Corbleu ! que le peuple infernal
Sert mal la haine qui m’accable.
Le monde devient si vénal
Qu’il faut même, pour faire mal,
Chercher du crédit chez le Diable.
Air : Il est pris
Notre ennemi s’avance.
armide
D’honneur ?
Le cœur
Me bat, quand j’y pense.
Que de son imprudence
Il reçoive le prix !
tous deux, ensemble
Il est pris, il est pris.
Il est pris, il est pris.
armide
Suite de l’air : Il est pris
N’en soyons pas surpris,
Ce guerrier qui s’amuse,
Qu’on voit,
Qui croit
L’ennemi sans ruse,
Donne comme une buse
Dans un piège secret.
tous deux, ensemble
C’est bien fait,
C’est bien fait.
duo, ensemble
Air : Lucas, pour se gausser de nous
Ah ! têtebleu ! sambleu ! morbleu !
hidraot
Croit-il qu’impunément on me berne,
On t’outrage ?
armide
Croit-il qu’impunément on vous berne,
On m’outrage ?
tous deux, ensemble
Non, palsambleu !
Nous allons voir beau jeu.
Corbleu !
Qu’il éprouve toute ma rage,
Un rien enchante le badaud.
Le bon nigaud
Tout seul bâille aux corneilles,
Pour hâter l’instant de sa mort
Crions encor
Plus fort, plus fort, plus fort,
Si fort
Que l’Enfer ouvre ses oreilles.
Bon ! à merveilles !
Crions encor,
Encor plus fort,
Car, ma foi, Pluton dort.
hidraot
Oh ! çà, écoute donc : j’ai fait mettre un de mes régiments dans le voisinage de ces jardins ; si nous le faisions avancer, il tâcherait de me tuer cet homme-là tout de suite.
armide
Ah ! mon oncle, je vous en prie, laissez-moi ce petit plaisir-là.
hidraot
À la bonne heure ! cela étant, tu n’as pas besoin de moi. Je te souhaite le bon soir, et je vais me coucher.
Il sort.
Scène iii
Armide seule
armide
Eh ! mon Dieu ! j’allais oublier... je ne sais à quoi je pense !... Démons, démons ?...

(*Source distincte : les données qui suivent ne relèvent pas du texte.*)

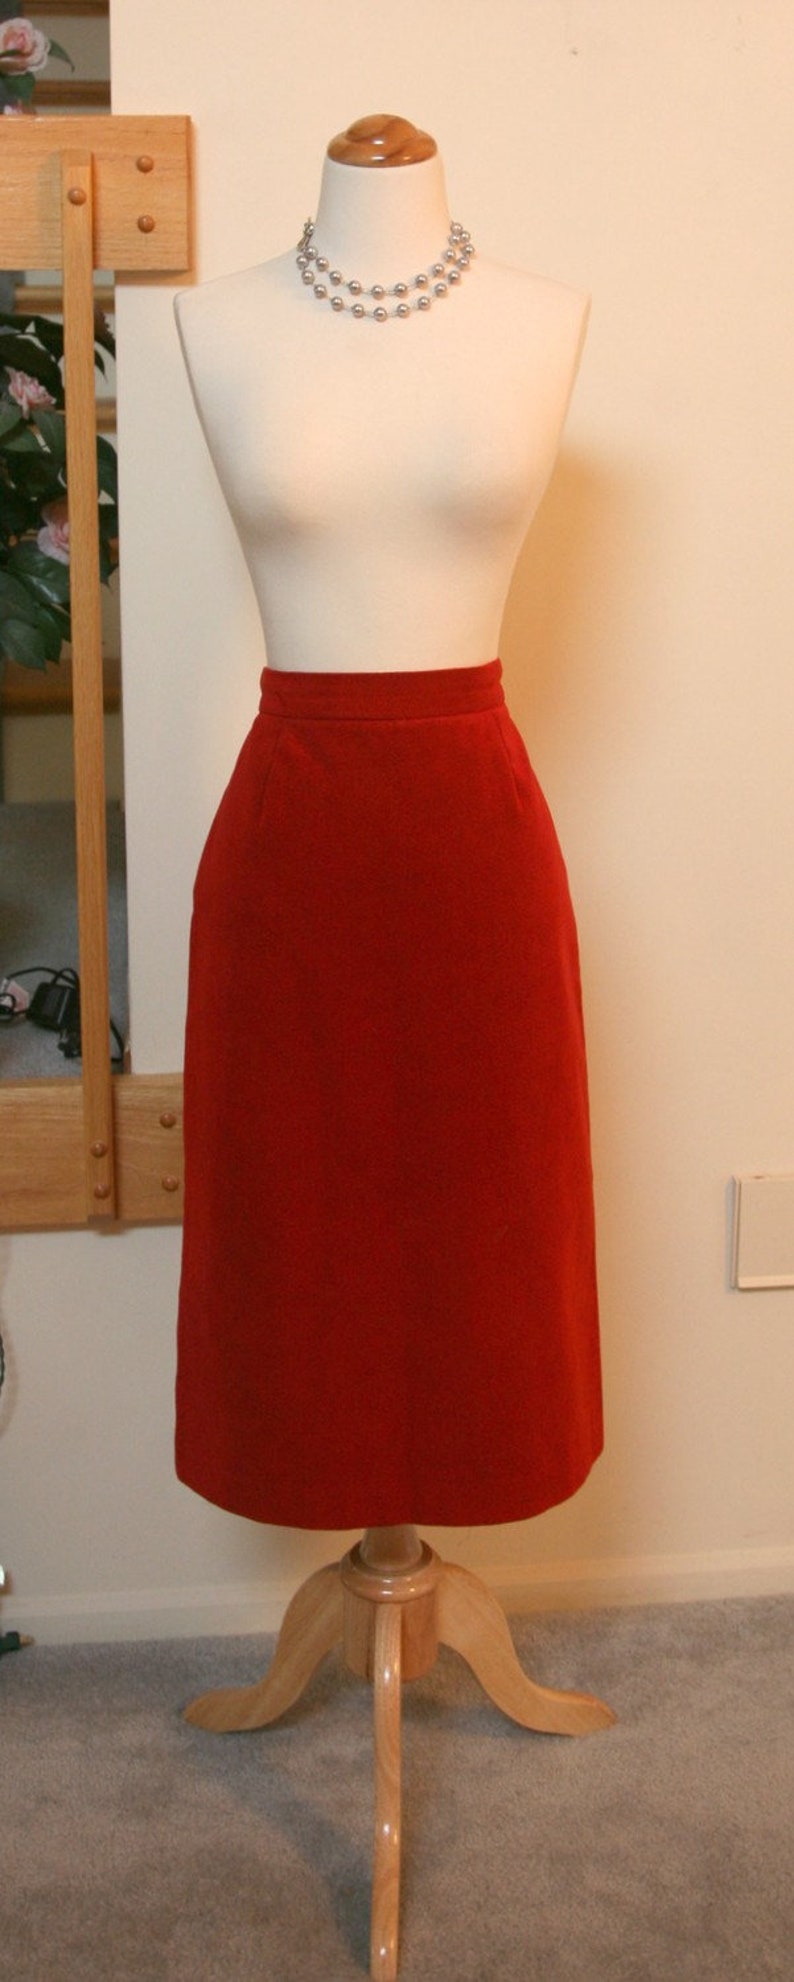 Red Suede Skirt, Pencil Skirt, Suede Skirt, Mid Calf, Long Skirt, Woman's Dressy Skirt, Work Attire, Soft Suede Skirt, 80's Attire image 1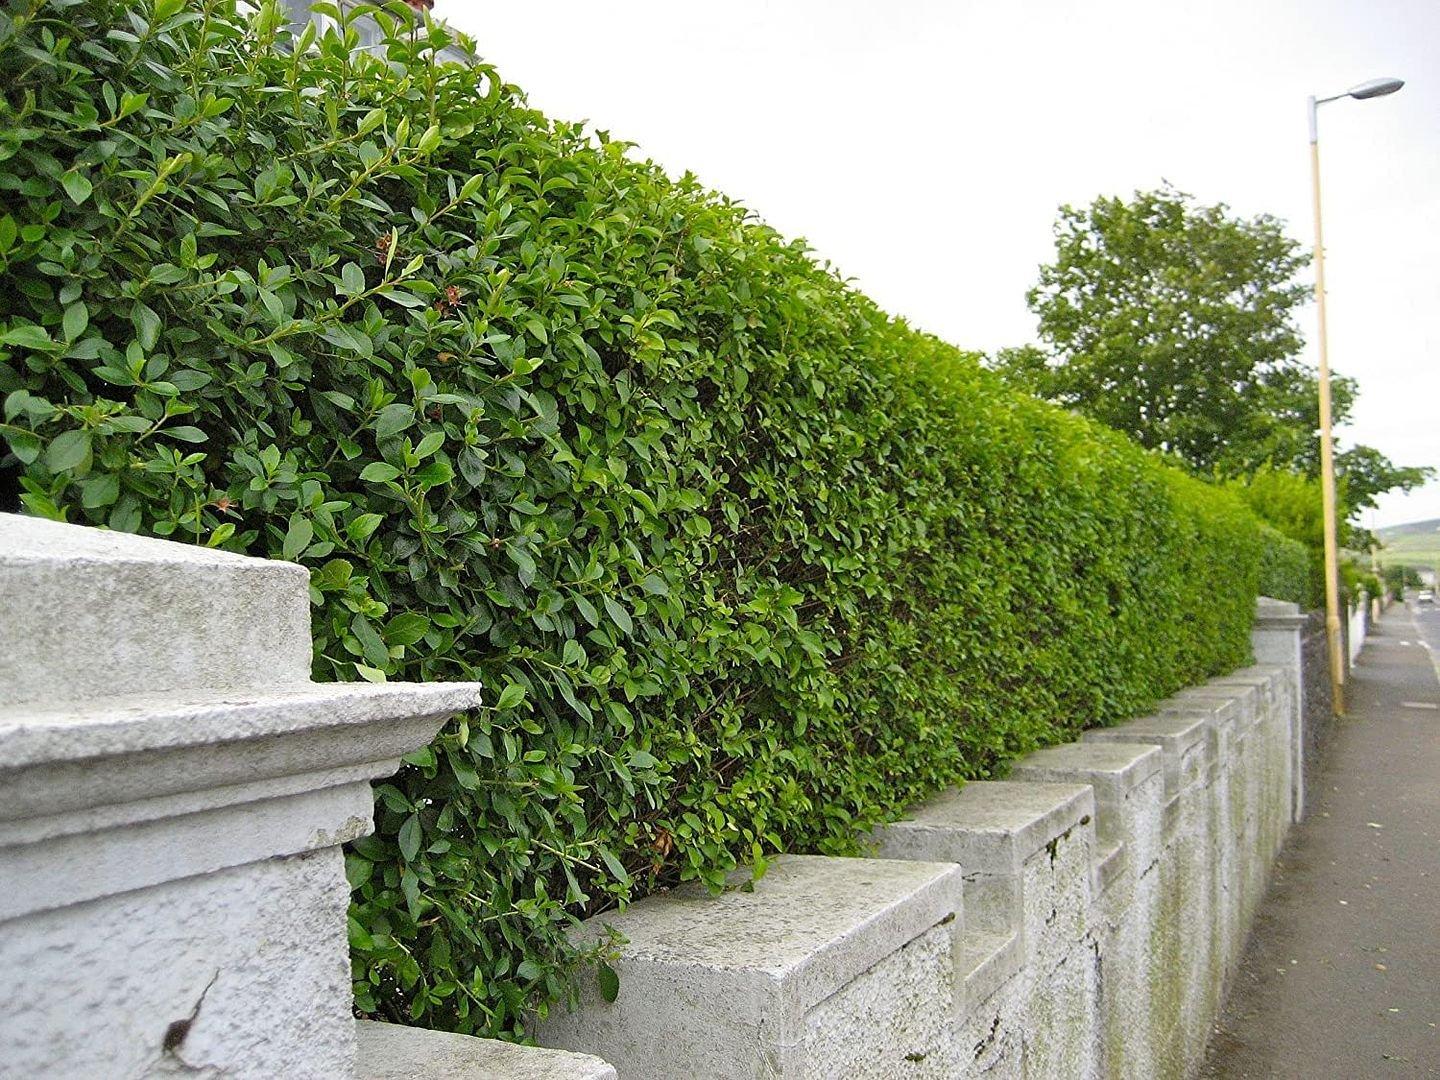 10 x 4-5ft Green Privet (Ligustrum Ovalifolium) Evergreen Bare Root Hedging Plants

cinq ou six démons, dans la coulisse
Plaît-il, Mademoiselle ?
armide
Ne paraissez pas, ne vous montrez pas, mais écoutez-moi ! Renaud est ici, comme vous savez : allez vous habiller en nourrices et en nourriciers, ces gens-là sont au fait d’endormir mieux que personne.
Air : Il faut que je file
Attendant que je le perce,
Ce que je ferai tantôt,
Nourrices, que l’on s’exerce
Sur l’indifférent Renaud.
Qu’on le berce, berce, berce,
Qu’on le berce comme il faut.
Entendez-vous, Démons ?
Les démons
Oui, Mademoiselle.
Elle sort.
Scène iv
Renaud seul
renaud
Air : Gavottes nouvelles, acte du sommeil – de l’opéra d’ Armide
Tout flatte, en ces lieux,
Mes yeux.
Quel trône de verdure !
Tout est charmant...
Tout est moment
D’enchantement !
La Nature
Simple et pure
Ici prodigue ses trésors,
Et l’Art ajoute ses efforts
À sa parure.
Dans ce séjour de volupté,
Aisément je suis arrêté,
Et mon œil séduit, enchanté,
En admirant tant de beauté,
Doute encor de la vérité.
Je ne sais quoi me dit tout bas :
\og Cet asile a tant d’appas !
Ah ! Renaud, ne le quittez pas !\fg
Tout flatte, en ces lieux,
Mes yeux.
L’astre brillant des cieux,
Beaux lieux,
Fait luire ici pour vous
Des rayons plus purs et plus doux.
C’est qu’il vous aime,
Et que dans son char glorieux,
Il est de l’éclat de ses feux
Flatté lui-même.
Agréables fleurs !
Riche ornement de ces lieux séducteurs,
Vos douces odeurs,
Vos vives couleurs
Enchantent les yeux et les cœurs.
Amoureux oiseaux,
Qui voltigez sous ces riants berceaux,
Et qui joignez au doux bruit de ces eaux,
Vos chants toujours nouveaux.
Ah ! sur un héros,
Ami du repos,
Vous faites l’effet des pavots.
Heureux asile du Zéphyr !
Rien ne vaut l’excès du plaisir
Où tu me plonges.
Tout annonce enfin à mes yeux,
Que l’on doit faire dans ces lieux
D’aimables songes.
Air : Bonsoir, la compagnie
Dormons, puisqu’on a su prévoir
Que j’en aurais l’envie.
Avant de remplir ce devoir,
Bonsoir, la compagnie,
Bonsoir,
Bonsoir, la compagnie.
Il se couche sur un lit de fleurs et de gazons.
Scène v
Nourrices, nourriciers, Renaud endormi
L’orchestre joue le commencement de l’air de la Sabotière, et le commencement de l’air \emph Dodo, l’enfant, etc.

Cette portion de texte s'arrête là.